Requirement of line of sight: The majority of active infrared sensors need a direct line of sight between the emitter, the object, and the detector. The signal may be blocked by obstructions.

Restricted Range: In general, infrared sensors have a short to medium effective range, particularly when contrasted with radar or ultrasonic sensors.

Environmental Sensitivity: Ambient light, particularly intense sunlight, fog, smoke, dust, and extremely high or low temperatures can all impair performance by interfering with the transmission or detection of infrared signals.

Color Insensitivity: Infrared sensors detect variations in infrared energy, which has nothing to do with the colors of visible light.

Problems with Transparency: IR light can travel through some transparent materials, such as water or clear glass, making detection challenging.
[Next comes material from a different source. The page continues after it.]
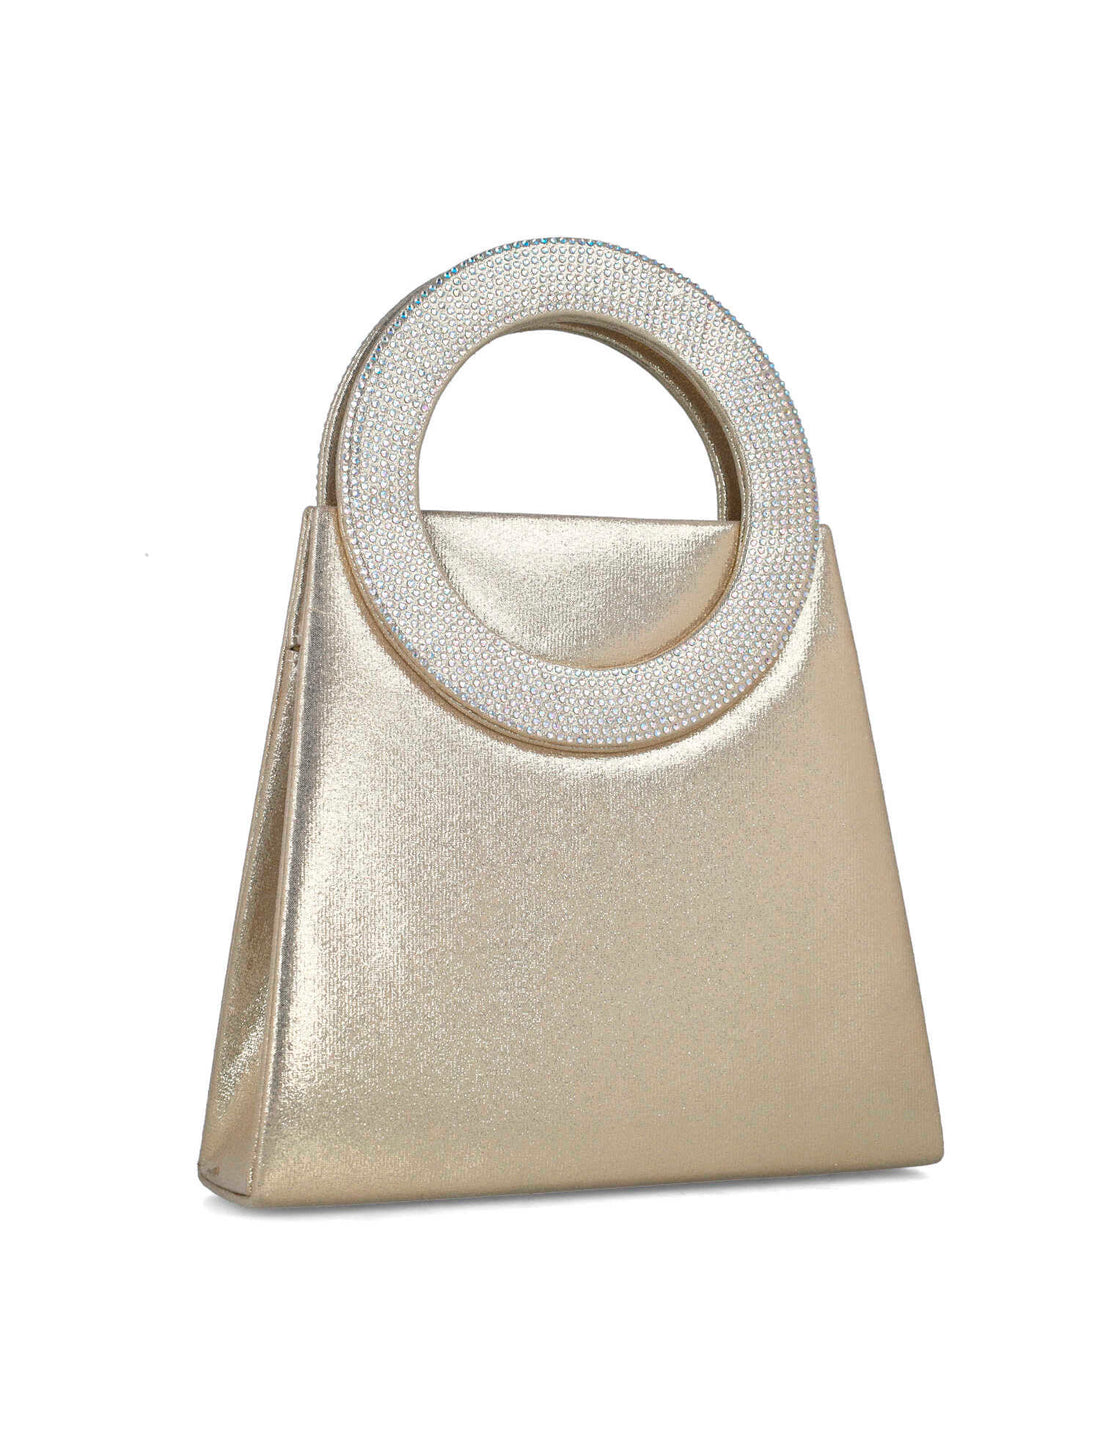 Gold Handbag With Embellished Hand Strap_85508_00_02

Robustness: Generally speaking, robustness is impervious to electrical noise.

Modern electronics rely heavily on infrared sensors because of their affordability, ease of use, and adaptability. IR sensors provide a dependable solution for proximity and motion detection, whether you're building a basic robot that avoids obstacles or automating a security system. They do have certain drawbacks, especially with regard to range and susceptibility to outside interference, but these may be mostly addressed with appropriate circuit design and modulation methods. Their wide range of uses in consumer electronics, industrial automation, robotics, and medical equipment show how essential infrared sensors are to the development of intelligent systems. Gaining insight into the inner workings of infrared sensors not only improves your understanding of electronics but also leads to a plethora of professional and do-it-yourself automation and control system opportunities.